Под осенней цветною листвой, отдыхая, улегся ты наземь И увидел! Внезапно возник Непосредственно перед глазами Небывалой красы боровик. Возвышался он в этом Сезаме — Между всяких поганок, сморчков, Как мечта между будничных явей, Как воздвигнут на веки веков и любых базилик величавей. Это — внешне! А где-то внутри белоснежных архангелов лики, И престолы, и алтари... А кругом — богомолки, калики... Так пригрезилось! Боровиком Неотрывно и сладко любуясь Понял ты: он в величье таком не уйдет ни в лукошко, ни в туес, Подымающийся до небес нерушимо торжественно, зримо, Недоступнейший деликатес для сластен Византии и Рима. И для чуди, дабы не могла б поволочь его по Заволочьям, И для пламенных каменных баб До добычи охочих... Но впрочем, Как посмотрят на это в Москве, что строитель, спаси меня Боже, Это все я пригрезил в траве, средь листвы увядающей лежа! Не грозит ли за это дыба — придавать очертания храму Хоть красавца, но все же гриба? — Будь что будь! — порешил ты упрямо — Только замысел мы утаим, а не то он покажется диким!
Так Возник он Стараньем твоим Храм, Что назван Иваном Великим.
ЛУНА Меня Интригует Планета Луна.
Вот видите: Это Восходит она.
На этой планете Вертинский поет, Но только, заметьте, Он вовсе не тот Живой, настоящий, Который в Москве, Но с ним состоящий Лишь в дальнем родстве, Еще в этом самом костюме Пьеро, Который носил он до первой войны. На этой планете все страшно старо!
И около цирков вот этой Луны Я Блока заметил. Совсем моложав, Он сухо промолвил, плечами пожав: — Представьте, как будто совсем неземной Хожу по Луне, озаренный луной, И книги опять у меня ни одной! И Брюсова мельком я видел. Он жив, Признанья еще не у всех заслужив, Сказал он: — Ну, что ж, декадент я, но все ж Меня уж и здесь признает молодежь.
Сергея Есенина видел я. Он Сказал: — Я не я, а девический сон! И, будучи юн, он добавил, смущен: — А правда ли это, что я запрещен?

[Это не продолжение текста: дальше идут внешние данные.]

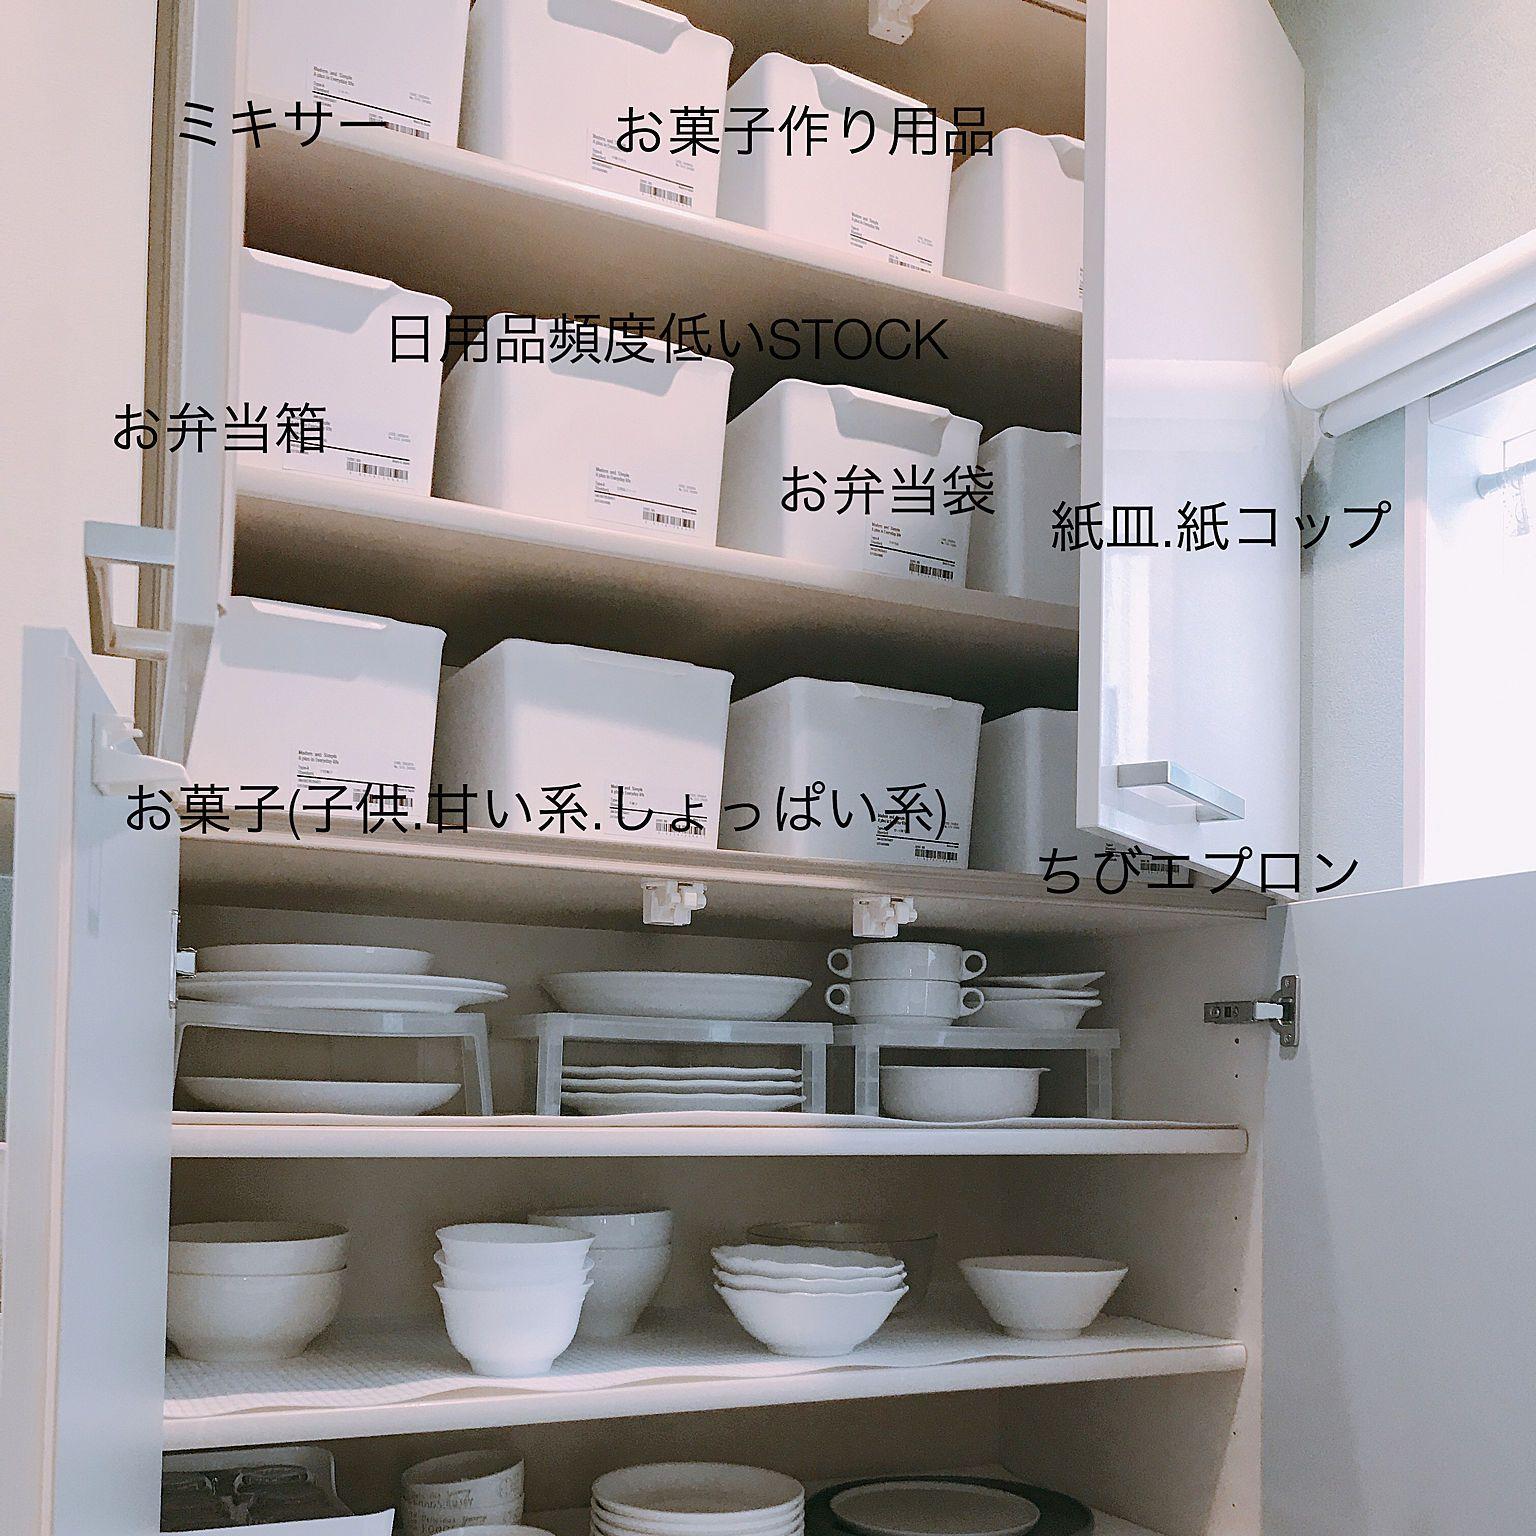 キッチン お菓子入れ 食器棚 収納 食器棚収納 などのインテリア実例

Асеев там есть, молодой футурист, Не тот, что теперь от седин серебрист, Но лет через сто о его седине Наверно узнают и там, на Луне.
А вот Маяковский, там его нет! Но, впрочем, известно о нем из газет. Однажды, когда наступает весна О нем вспоминает она...
Кто она?
Луна! Луна, которая телеграфными проводами оплетена, Автомобильными фонарями озарена, Луна неживая до самого дна. Ее ли вина, О, ее ли вина, Что где-то на небе сияет она!
• • •
Тот, кто смотрит ввысь, как ты и я, Тот и землю видит под ногами, Не опасна для него змея — Он с иными борется врагами.
Говорят: убили соловья, Спутали с какими-то богами.
СЛОВА
Премудры книги старые. Однако, Бесправны в них не только буква Ять, Порою вопросительного знака Там не стоит, где надобно стоять.
А иногда И знаки препинанья имеют смысл загадочный, двойной,
Как будто бы они напоминанья, Что это может кончиться войной. То слово, что писалось с буквы малой, Однажды кто-то написал С большой! И смысл возник доселе небывалый, И новой обросло оно душой...
• • •
Я слышу Рокот железнодорожный И гром, И фонари горят:
— О, будьте с реками поосторожней! — Мне акведуки говорят.
Ты, Волга, не теки назад. Ты, старый Днепр, работай, не ленись, А ты, Иртыш, рукою дотянись До Кургальджин-Тенисского бассейна! Но говорят, что кто-то выпил Омь? А вы что слышали насчет ее судьбы? Когда-то Я, молод, поднимал народ На орошенье Барабы И осушение ее болот, Чтоб было больше скошено, посеяно...
О, облаков овечьи лбы, Где лесостепь березово кисейна! И вероятней все и все возможней, Что станут вправду берега кисельны Молочных рек! Но слышу Я голос с неба: — Будьте осторожней И с Иртышом, и с Волгой, и с Двиной!
СКОРЕЙ ВСЕГО
Скорей всего Еще в Париже, Разглядывая работы Полузабытых дилетантов, художников морского флота Из кругосветных экспедиций, Шептал Гоген: — Я вижу, вижу!
Он видел будущие лица Своих натурщиц таитянских. Они с рисунков дилетантских Беспомощно, полубесплотно его молили: — Воплотите, Нас красочно!
И на Таити Попал Гоген, свои полотна создав воистину заране. А там, На Тихом Океане, Он губернаторов портреты Писал и жил почти что нище, И занятый добычей пищи Он был редактором газеты Официозной.
СПЛЕТНЯ
Покой подъезда был глубок, Привратница плела клубок. — Вам на какой этаж, милок? — Мне до конца.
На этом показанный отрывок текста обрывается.